» ASSIGNED TASK
No pictures go into the copy. Write out exactly the lines below from the one containing "高級ワイン通販ならピーロート・ジャパン" through the one containing "Il s'agit d'une".

» EXERCISE DATA
=== Section Start ===

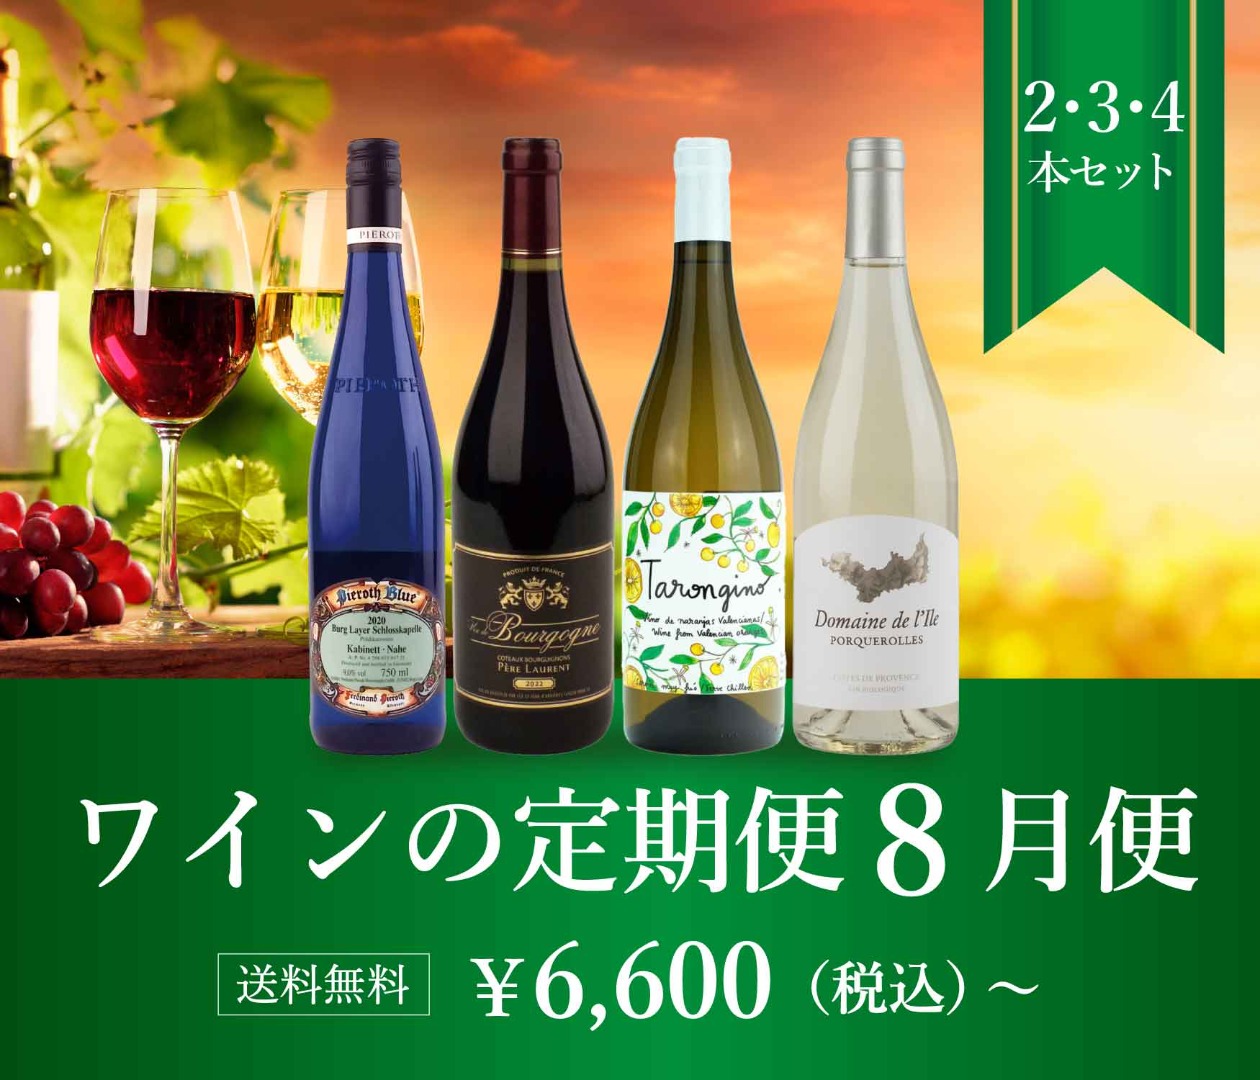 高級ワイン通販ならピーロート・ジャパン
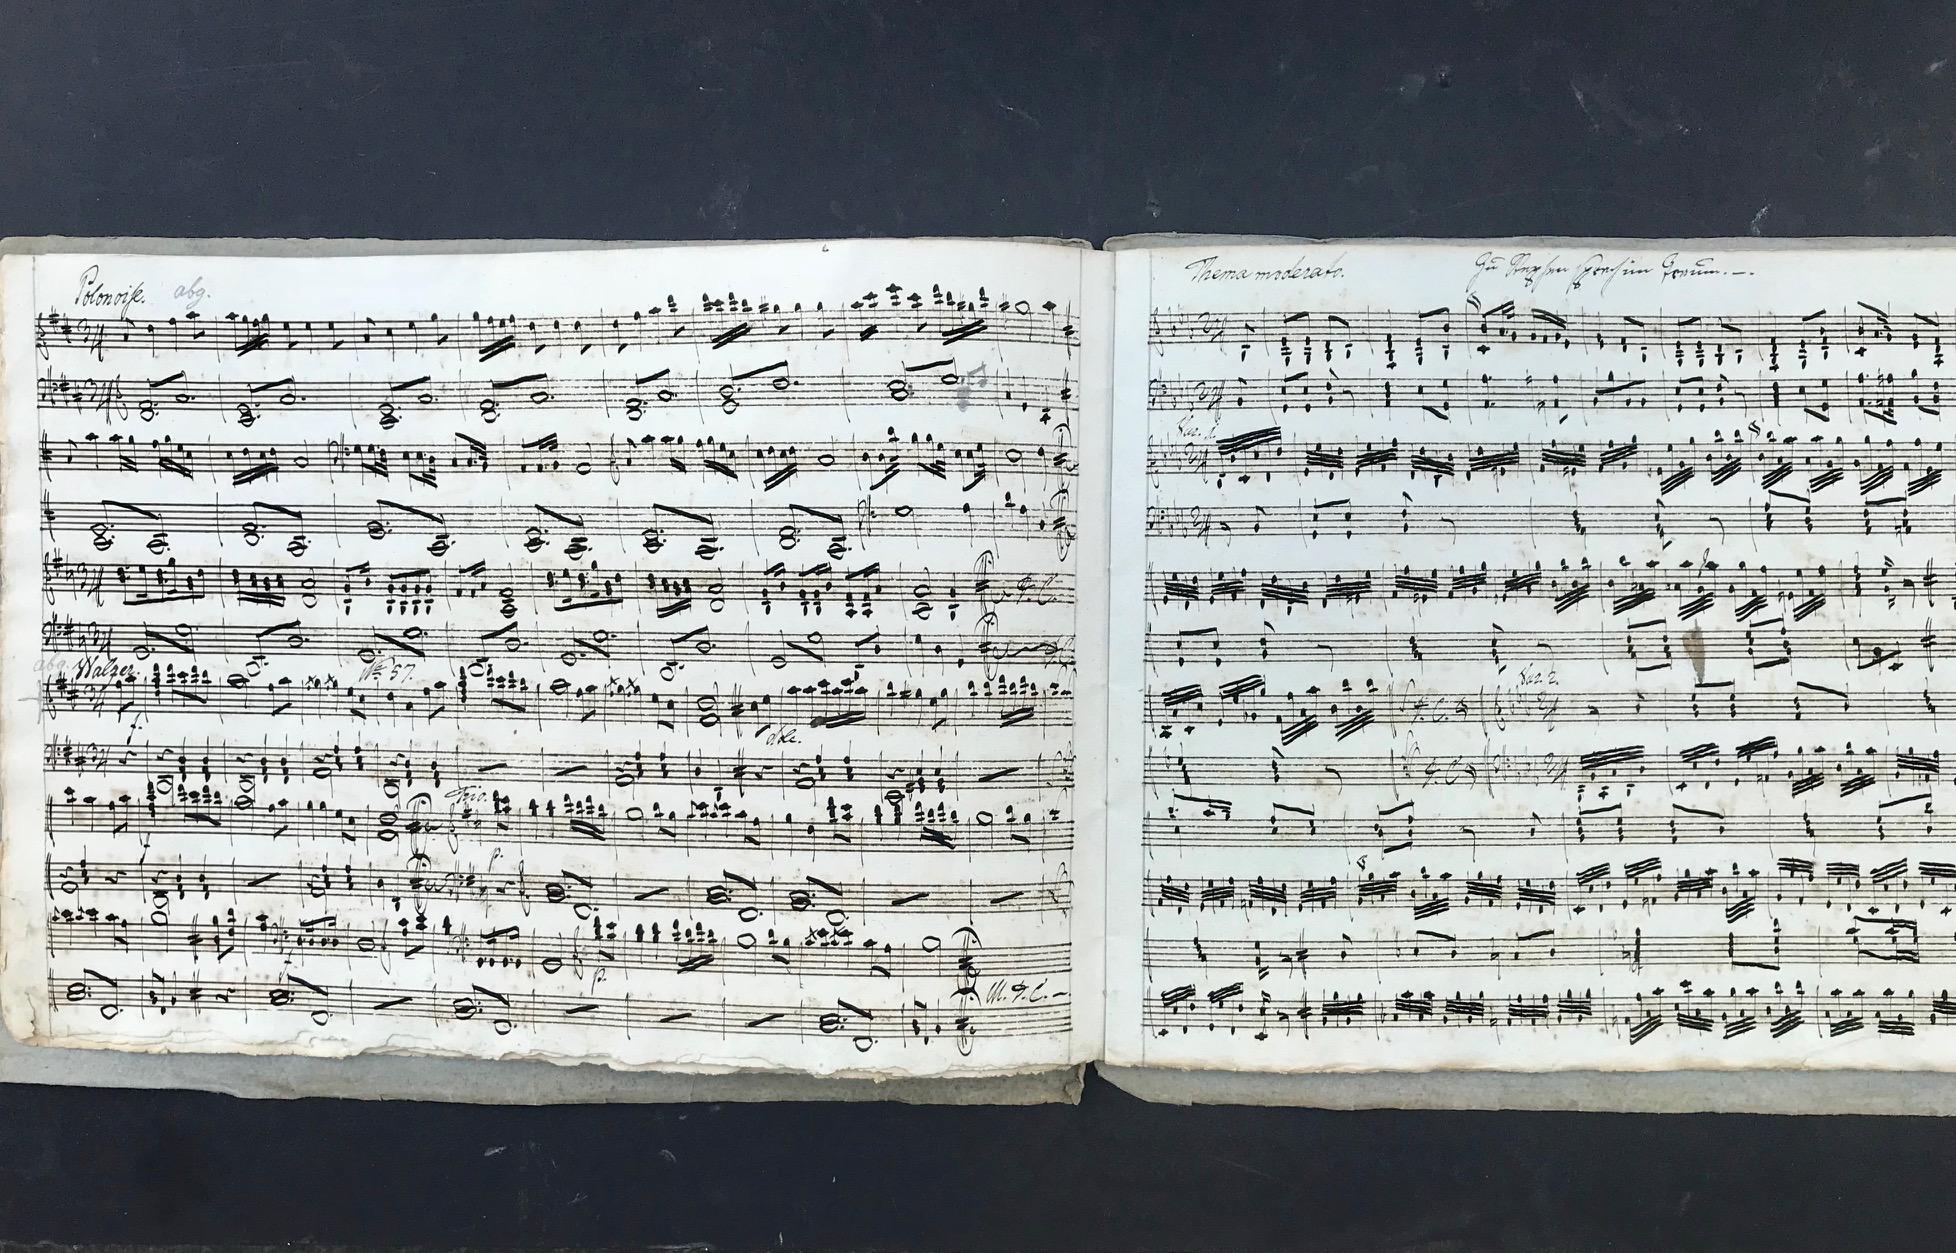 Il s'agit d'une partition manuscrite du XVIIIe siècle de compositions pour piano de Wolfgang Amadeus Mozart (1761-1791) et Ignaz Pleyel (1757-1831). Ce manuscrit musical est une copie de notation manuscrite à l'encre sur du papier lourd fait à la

=== Section End ===
=== Section Start ===

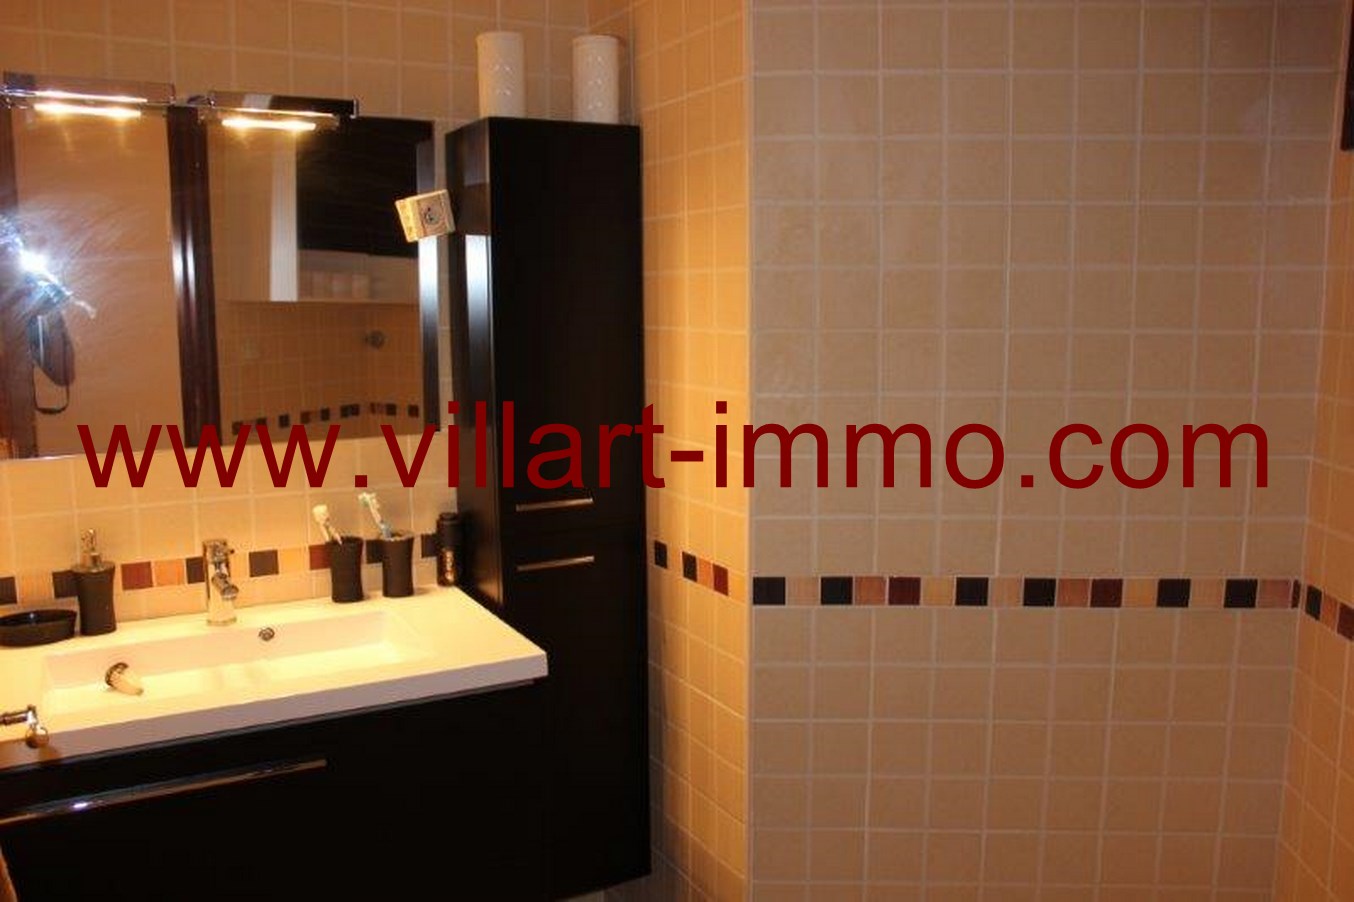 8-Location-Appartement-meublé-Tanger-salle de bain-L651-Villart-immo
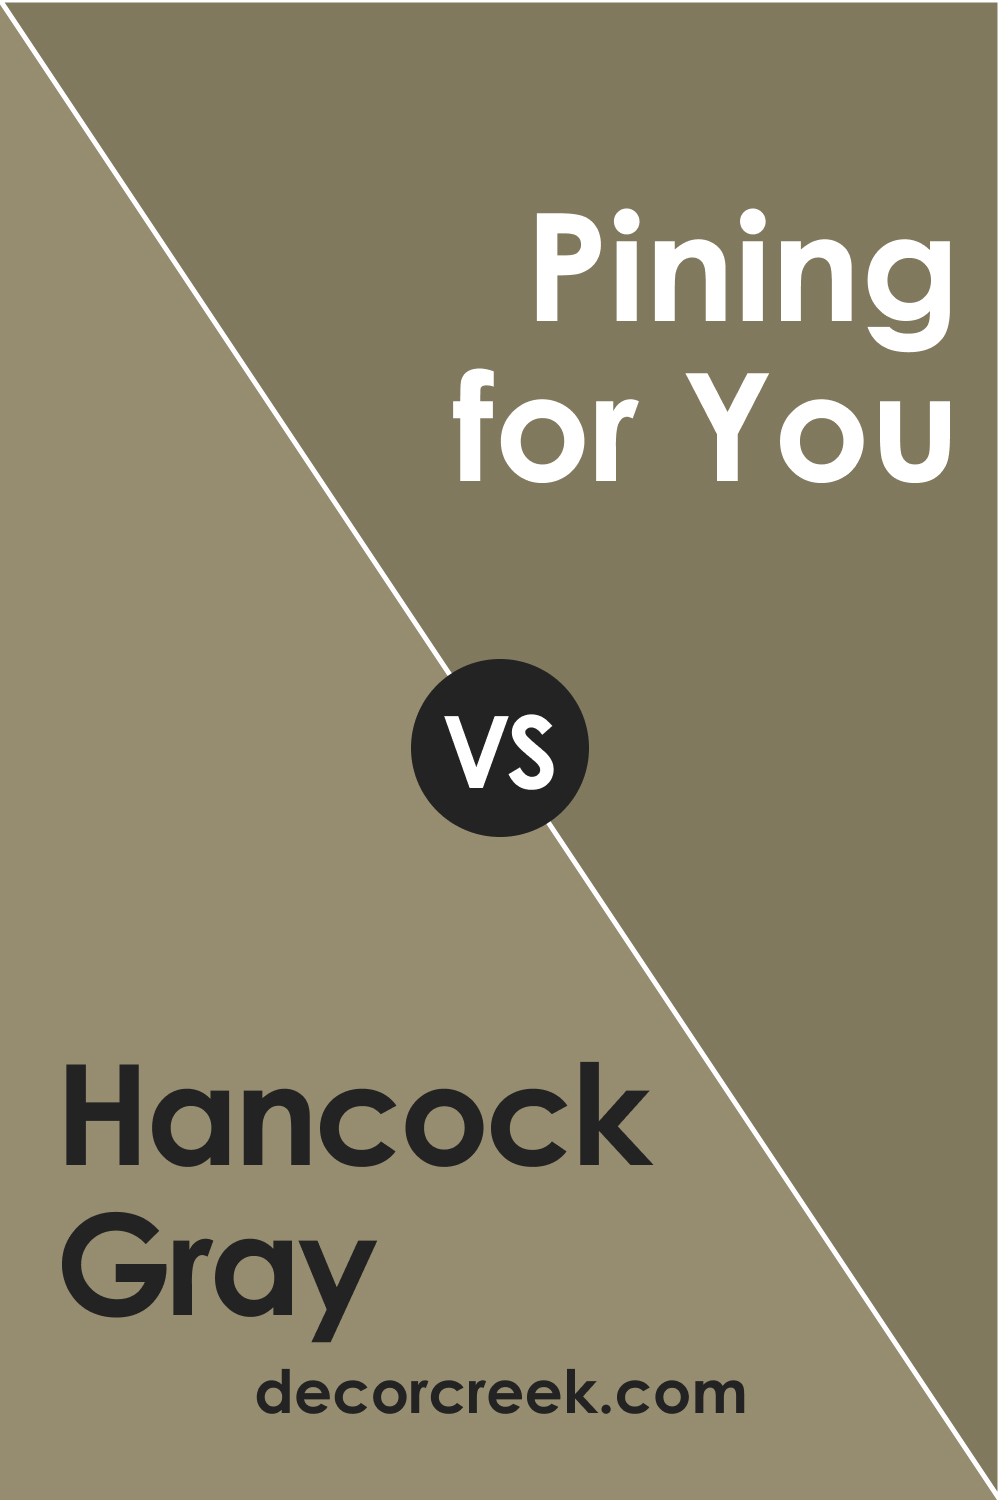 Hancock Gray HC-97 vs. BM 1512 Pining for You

=== Section End ===

» SOLUTION FOR THIS TASK
 高級ワイン通販ならピーロート・ジャパン
 Il s'agit d'une partition manuscrite du XVIIIe siècle de compositions pour piano de Wolfgang Amadeus Mozart (1761-1791) et Ignaz Pleyel (1757-1831). Ce manuscrit musical est une copie de notation manuscrite à l'encre sur du papier lourd fait à la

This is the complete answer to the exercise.